Multi-stage AI pipeline
Many real applications make several AI calls in sequence: classify first, then extract, then format. Each call has a different prompt, so you can match each stage independently and verify the whole pipeline in a single test.
# DocumentProcessor calls the AI three times:
# 1. "Classify this document: ..." → classification JSON
# 2. "Extract fields from invoice: ..." → structured data JSON
# 3. "Summarize in one sentence: ..." → plain-text summary
describe DocumentProcessor do
it "processes an invoice through the full pipeline", :mock_openai do
MockOpenAI.set_responses([
{
match: "Classify this document",
response: '{"type":"invoice","confidence":0.97}'
},
{
match: "^Extract fields from invoice",
response: '{"vendor":"Acme Corp","amount":"$1,200","due":"2024-02-01"}'
},
{
match: "^Summarize",
response: "Invoice from Acme Corp for $1,200, due February 1, 2024."
}
])
result = DocumentProcessor.new(invoice_fixture).process
expect(result.type).to eq("invoice")
expect(result.extracted["vendor"]).to eq("Acme Corp")
expect(result.summary).to include("Acme Corp")
end
end
Rules match against the last user message, top-to-bottom, first match wins. Because each pipeline stage sends a different prompt, three rules are enough to cover all three stages. No stubs, no monkey-patching, no changes to DocumentProcessor itself.

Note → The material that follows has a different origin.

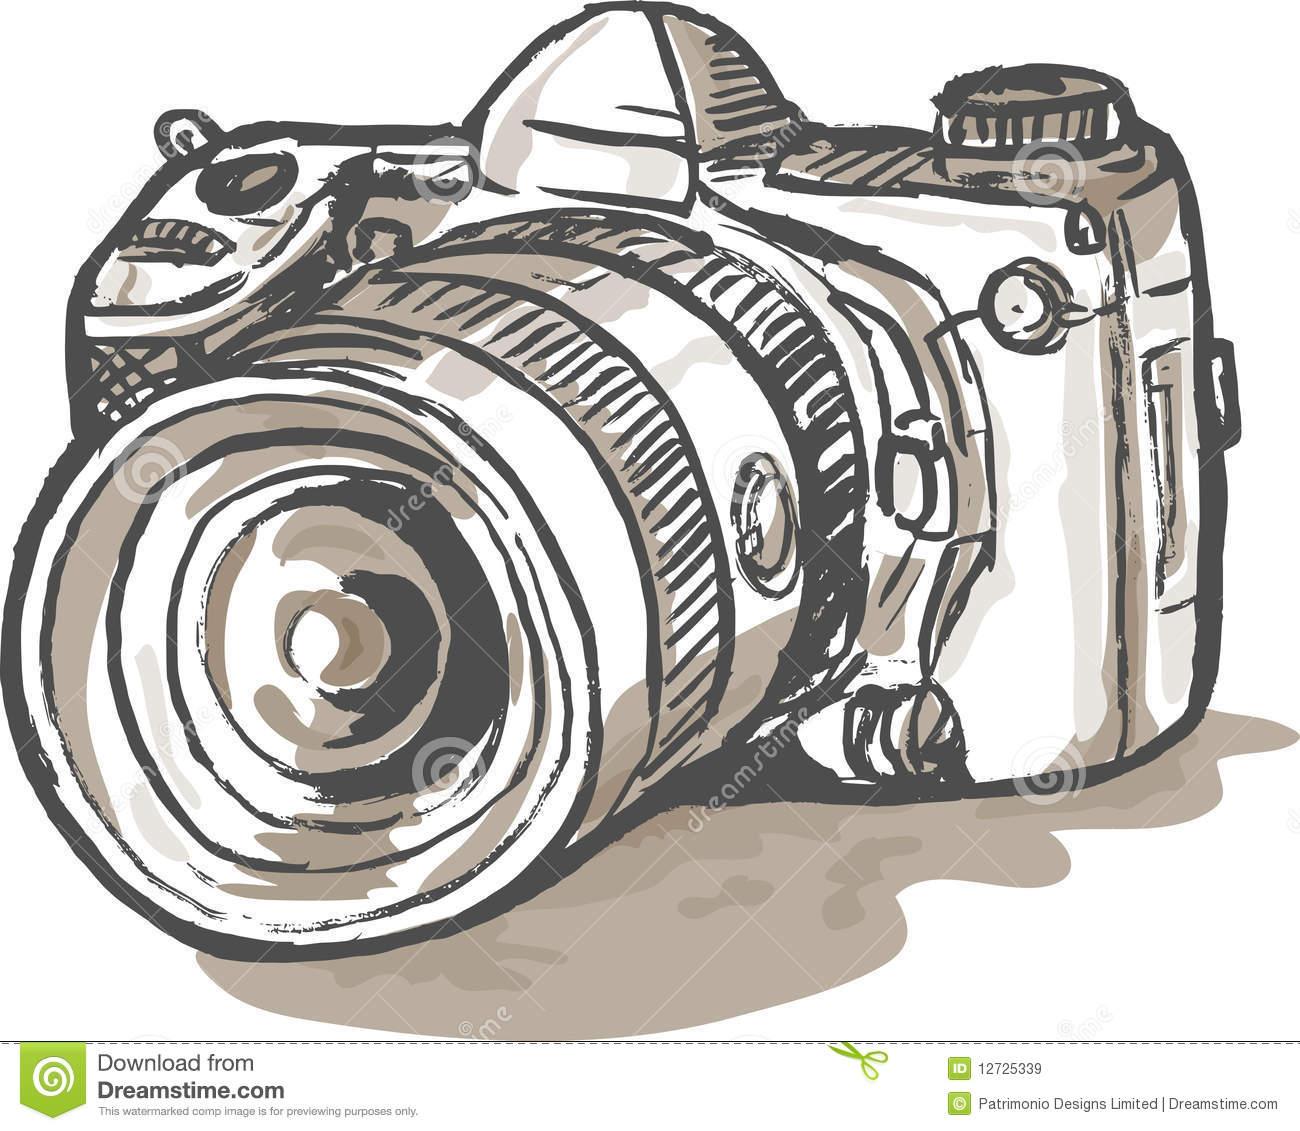 free clipart slr camera - photo #35

Failure injection at a specific pipeline stage
The same pipeline, but now you want to test what happens when the extraction step fails. Because failure modes are per-rule, you can let stage one succeed and make stage two blow up, all in one test, no test doubles required.
describe DocumentProcessor do
it "queues for manual review when extraction fails", :mock_openai do
MockOpenAI.set_responses([
{
match: "Classify this document",
response: '{"type":"invoice","confidence":0.97}'
},
{
match: "^Extract fields",
failure_mode: :internal_error # stage 2 returns HTTP 500
}
# stage 3 is never reached
])
result = DocumentProcessor.new(invoice_fixture).process
expect(result.status).to eq(:pending_manual_review)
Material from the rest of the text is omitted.